- _DATASET EXTRACT_
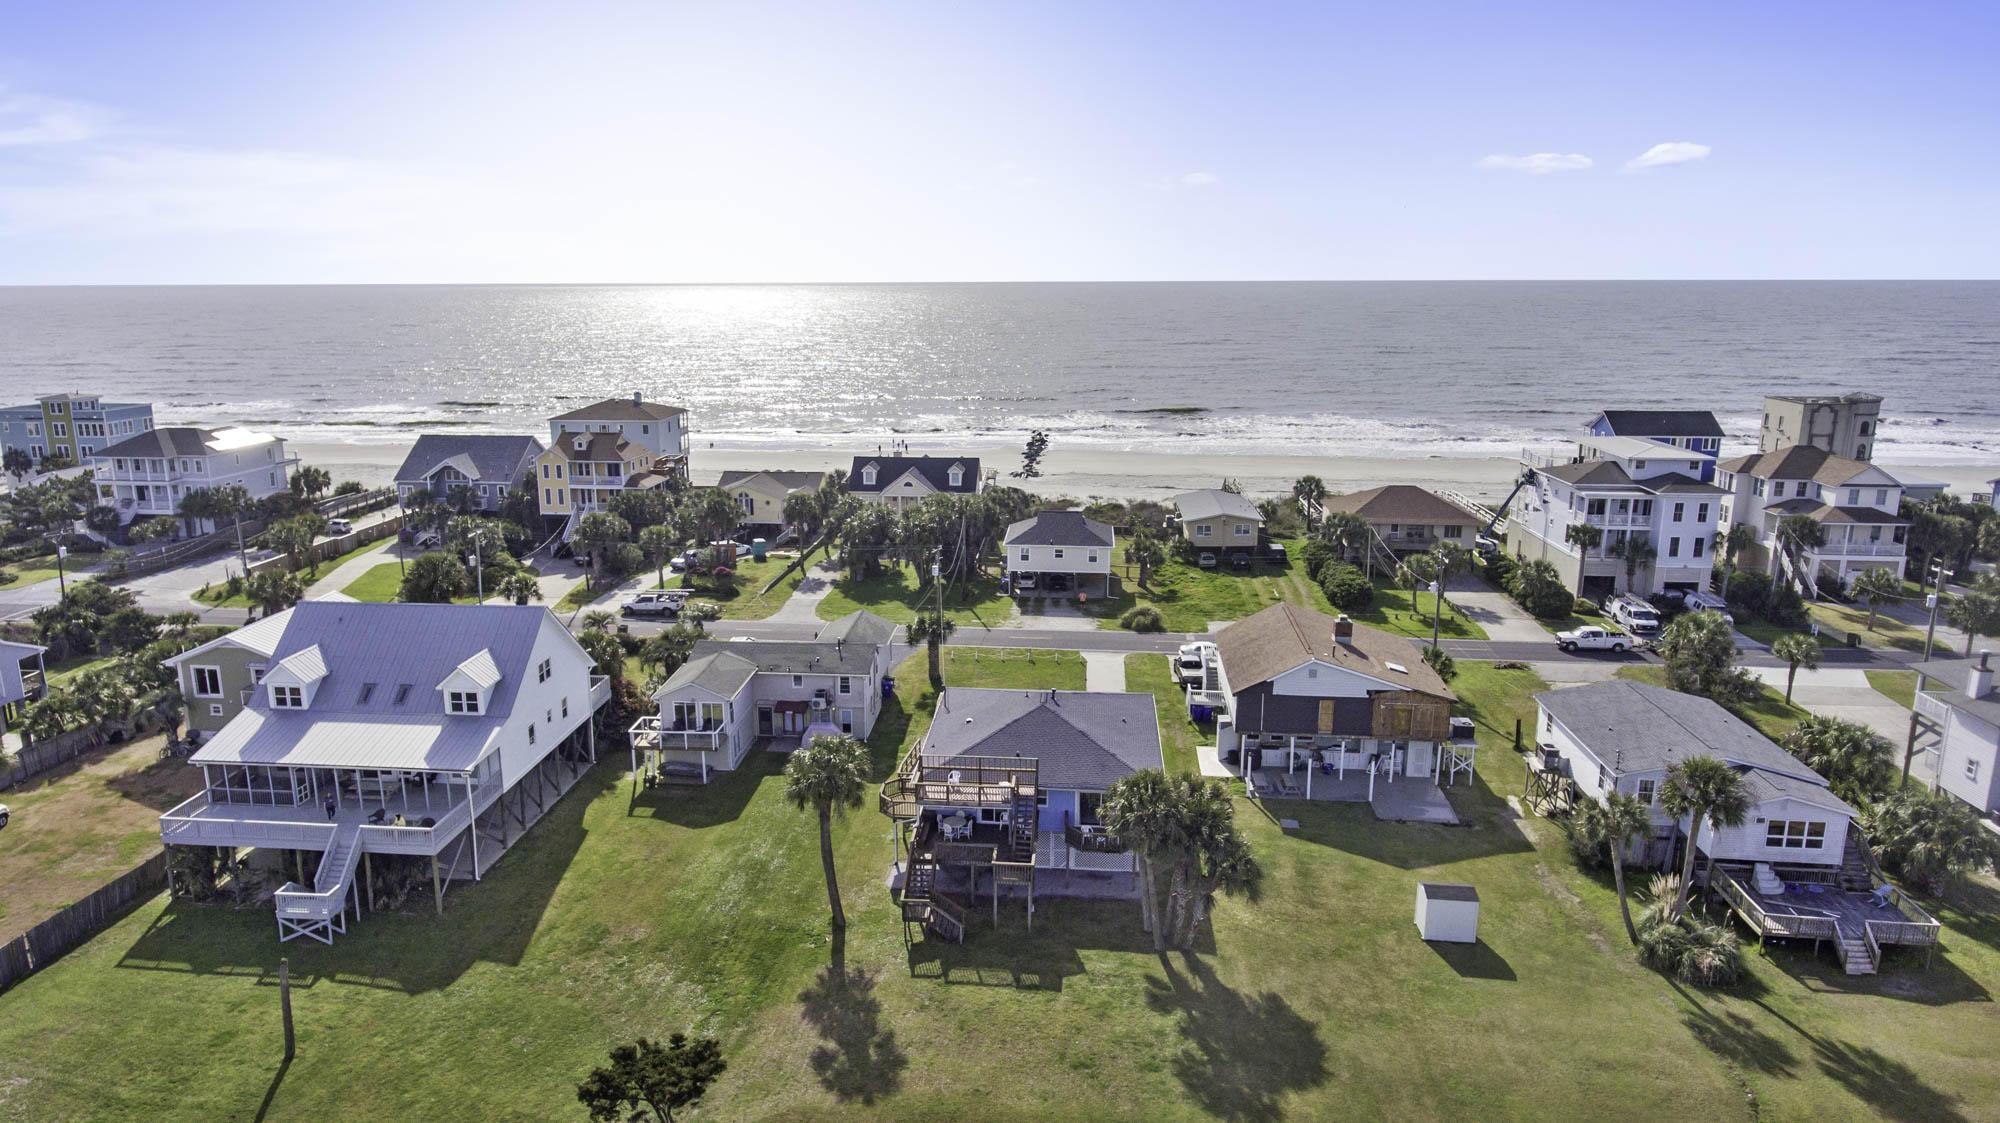 E Folly Bch Shores Homes For Sale - 1662 Ashley, Folly Beach, SC - 27
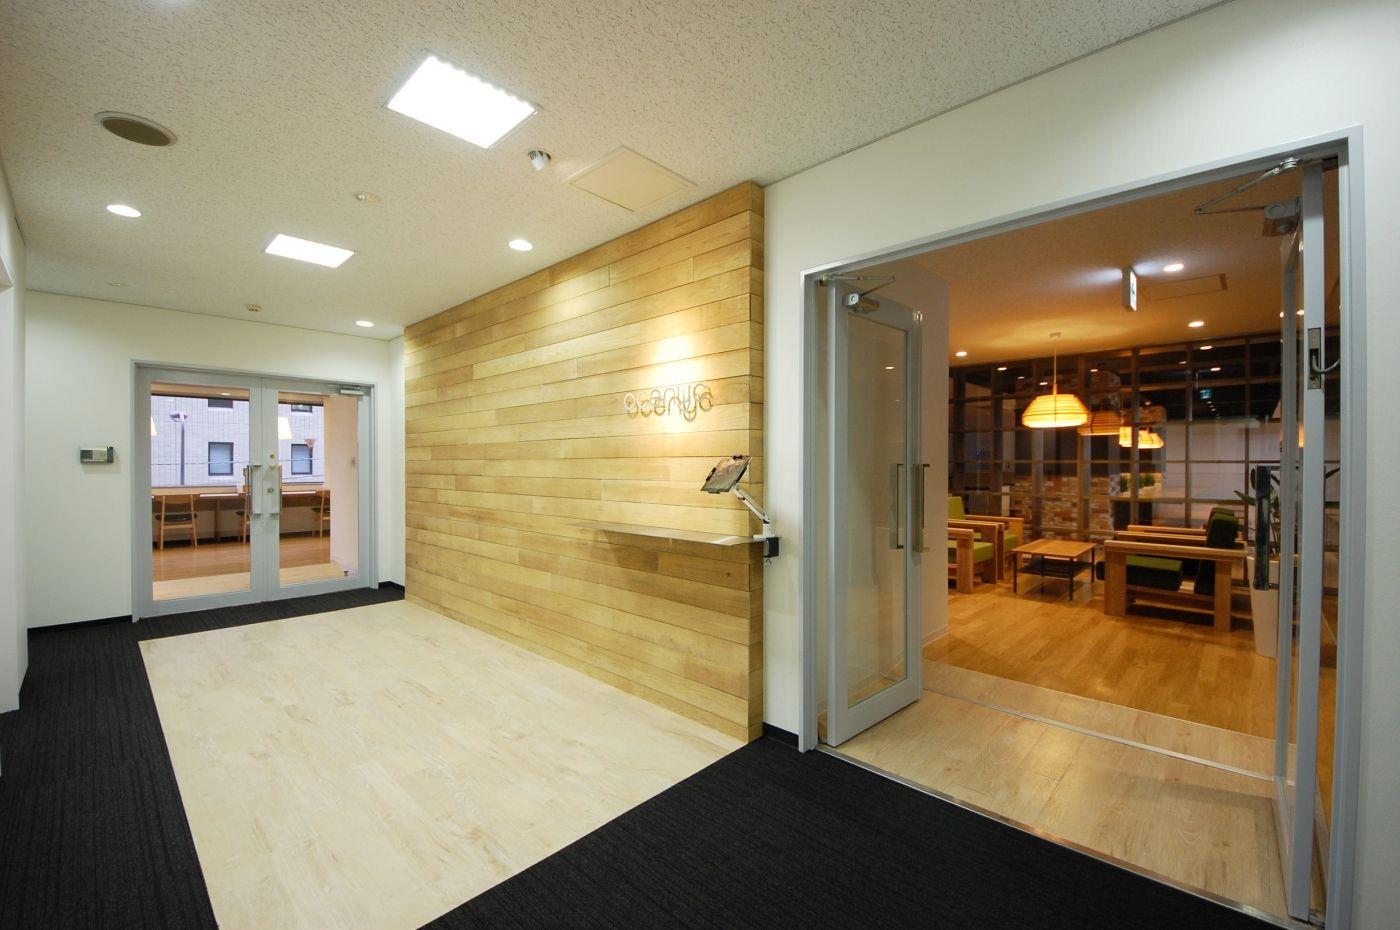 ガラスやスケルトン天井のオフィス オフィスデザイン事例
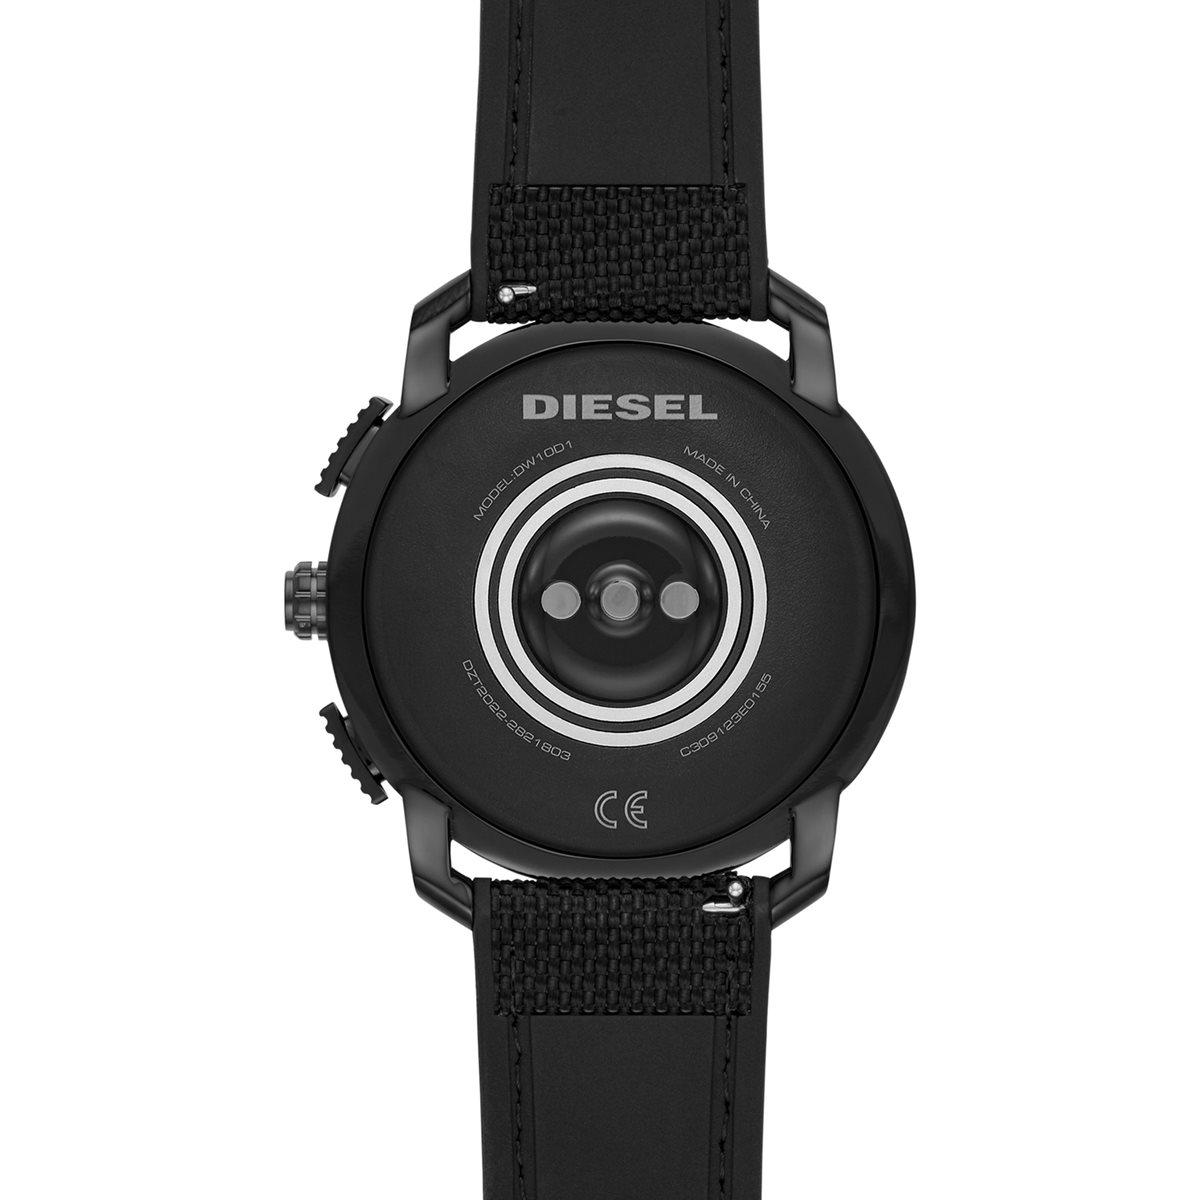 ディーゼル DIESEL ON スマートウォッチ ウェアラブル 腕時計 メンズ アキシャル AXIAL DZT2022
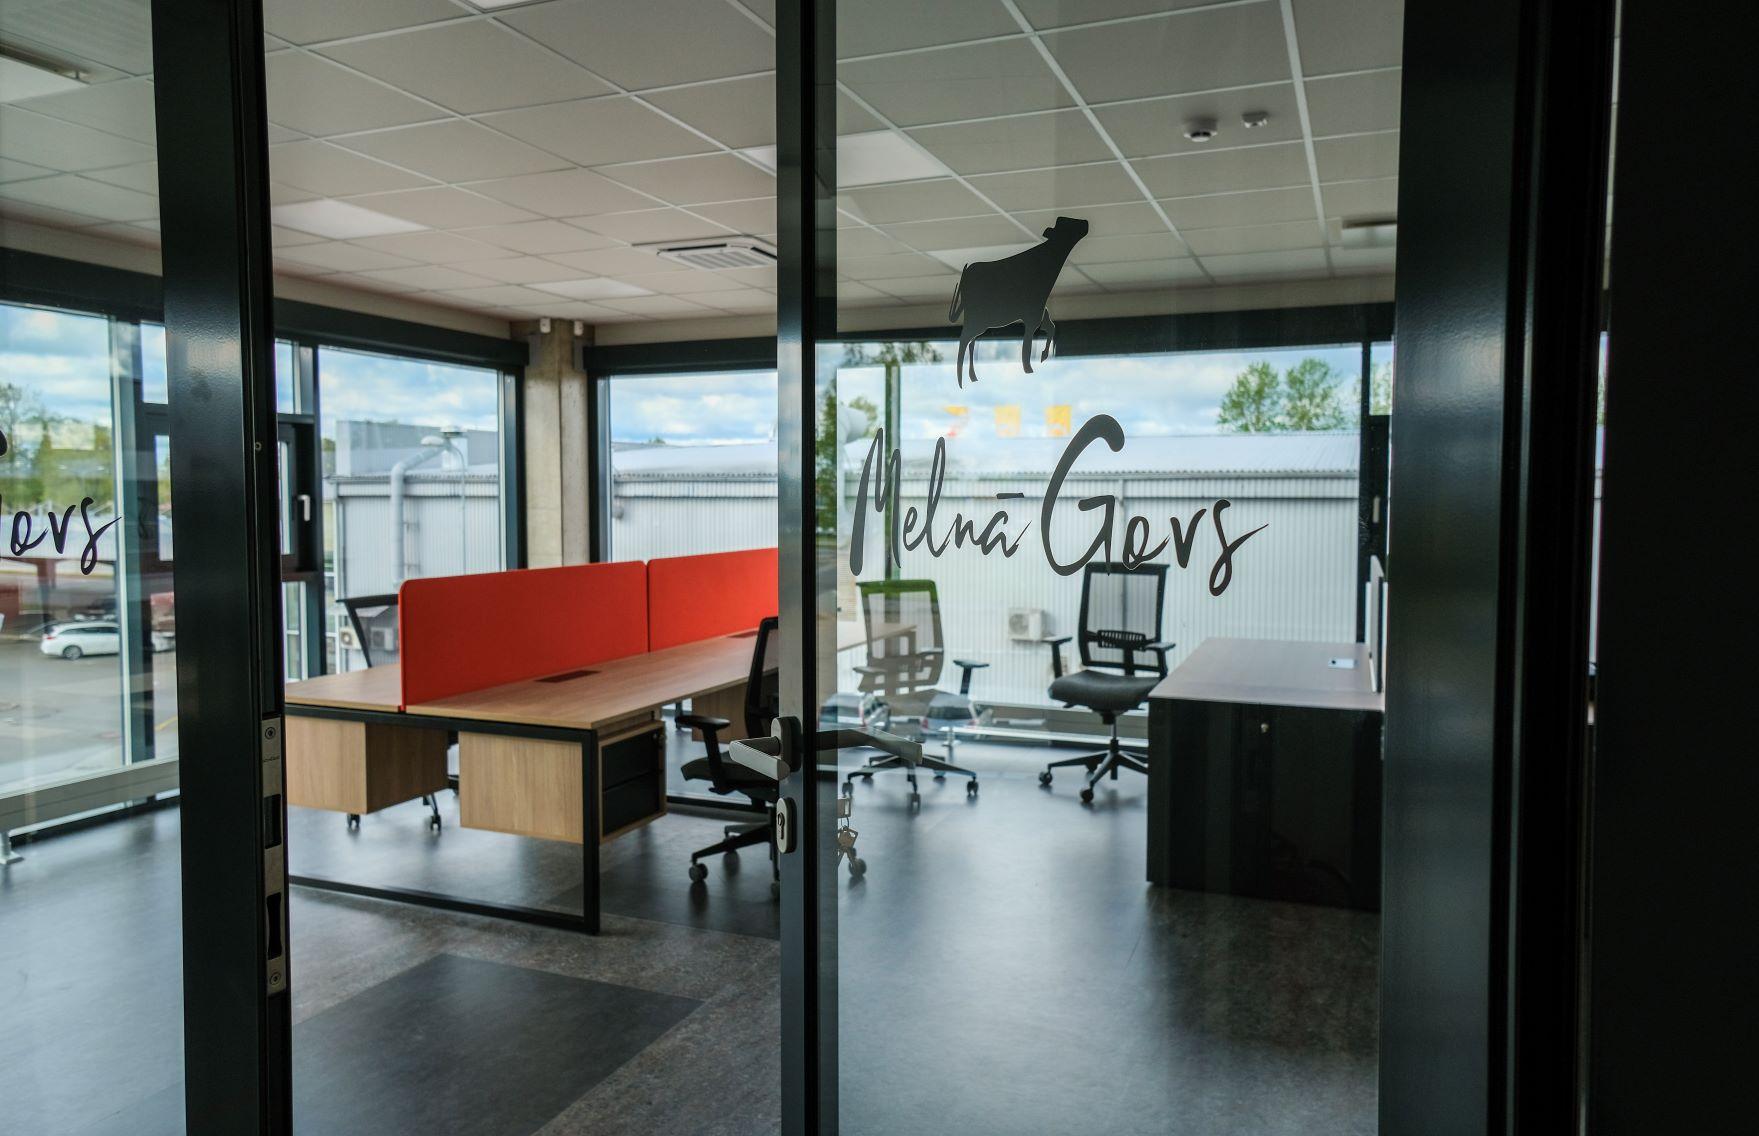 Astoņu darba vietu kabinets Melnā Govs birojā

- _YOUR GOAL_
Give the listing above again in its entirety and exactly; do not include the pictures.

- _FINISHED TASK_
 E Folly Bch Shores Homes For Sale - 1662 Ashley, Folly Beach, SC - 27
 ガラスやスケルトン天井のオフィス オフィスデザイン事例
 ディーゼル DIESEL ON スマートウォッチ ウェアラブル 腕時計 メンズ アキシャル AXIAL DZT2022
 Astoņu darba vietu kabinets Melnā Govs birojā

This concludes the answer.